Собак две. Одна – добрая, готовая валяться перед всеми, подняв кверху лапы, – Тюбик. Другая – строгая, сидящая на цепи Ветка, которой медведей по природе полагается не бояться. И она не трусит, если их чует.
Еще в домашнем хозяйстве живут тут кошки. Их четыре, считая нелюдимого, с мордой разбойника, кота без имени. Своего соперника он изгнал из «усадьбы» и единоличен в своем гареме. Изгнанник одичал и летом, похоже, в тайге благоденствовал, лишь изредка попадаясь кому-нибудь на глаза. Что будет делать изгнанник с приходом зимы – неясно.

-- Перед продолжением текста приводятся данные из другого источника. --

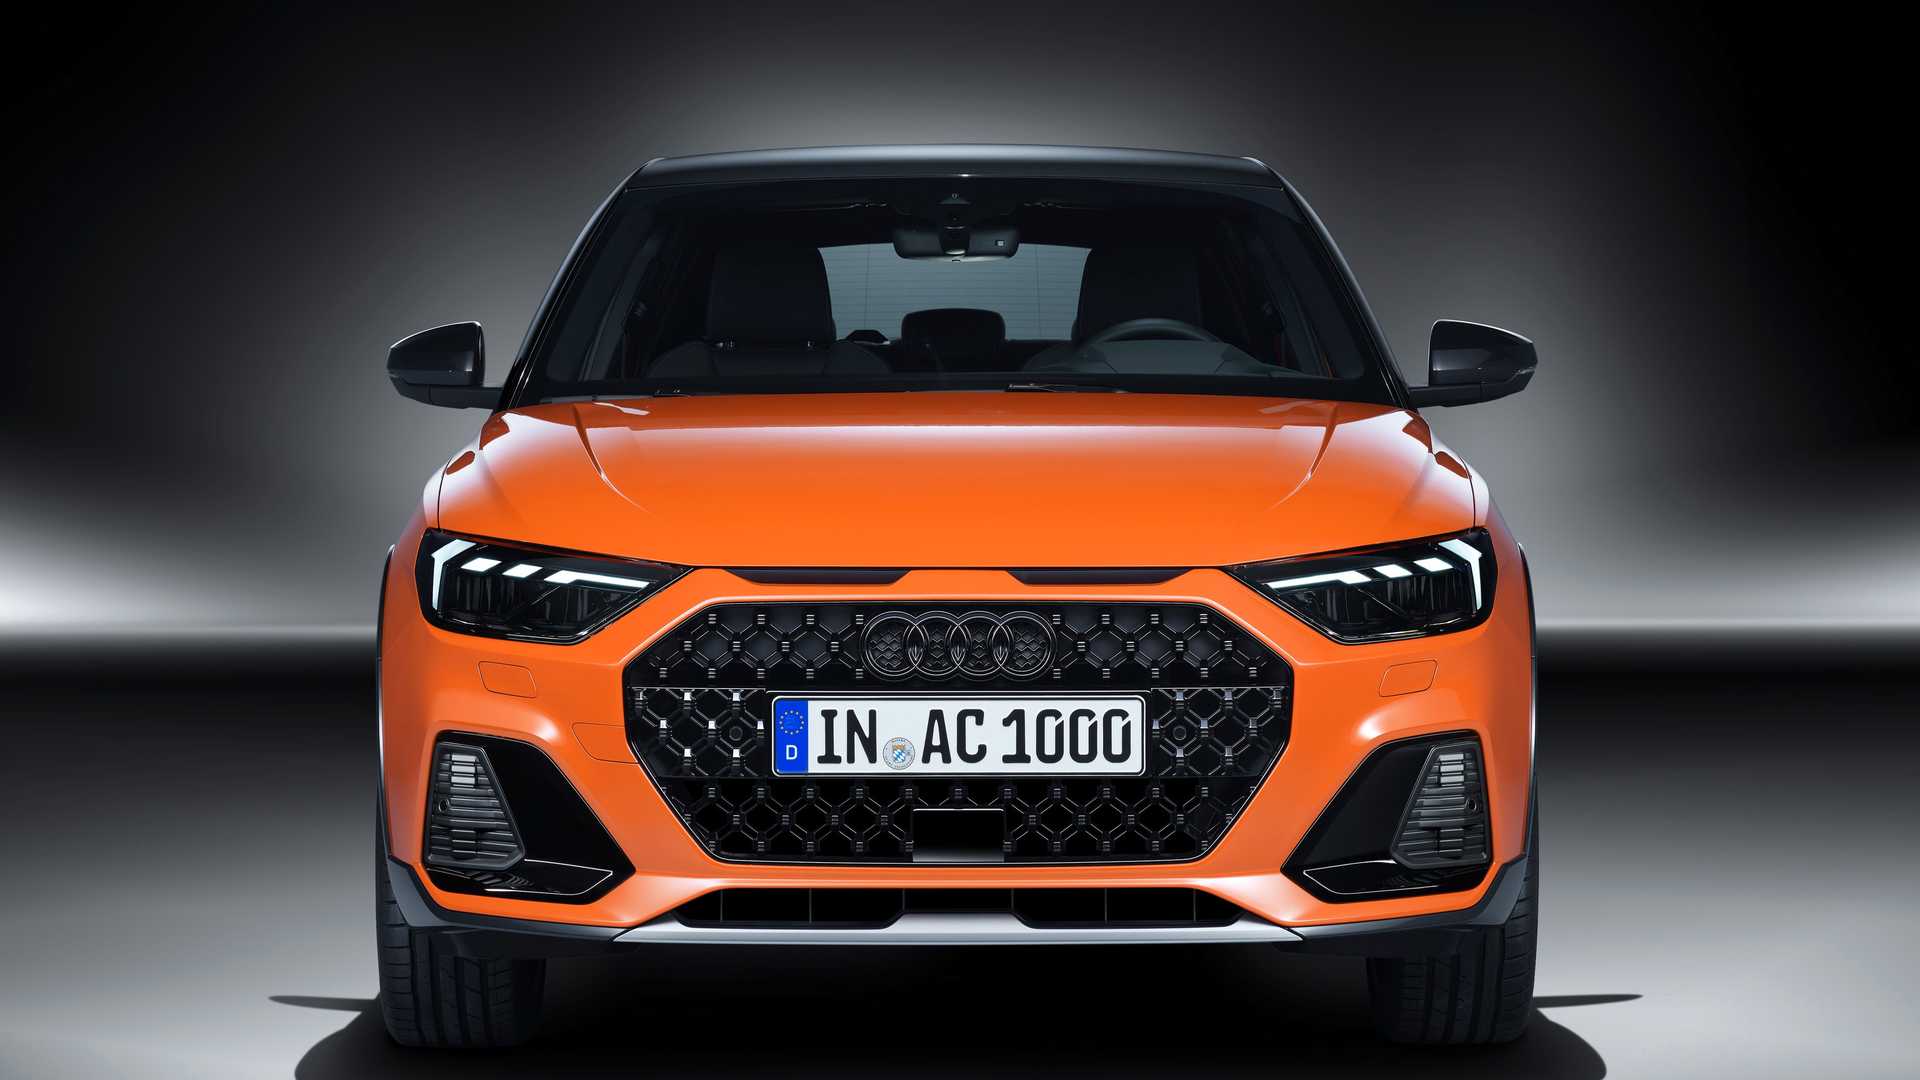 Oficial: Audi A1 Citicarver, llega el crossover más pequeño de Ingolstadt

Всеобщий любимец тут – серый с темной мордой котенок, названный, явно с подачи шаловливого Ерофея, Черномырдиным. Агафья вполне понимает смысл этой шутки и, если не занята, посмеивается, не отпускает любимца с рук. Маленький Черномырдин уже сделал заявку на право считаться охотником. При мне на печи у Агафьи прищучил мышь и, вполне понимая, что добыча принадлежит ему и только ему, шмыгнул в дверь, для него приоткрытую.
Избыток мышей Агафья надумала утилизировать, посоветовавшись потихоньку со мной. Топором она измельчила три тушки и кинула курам. Драка за мясо показала, сколь не хватает сидящим в загоне птицам белкового корма.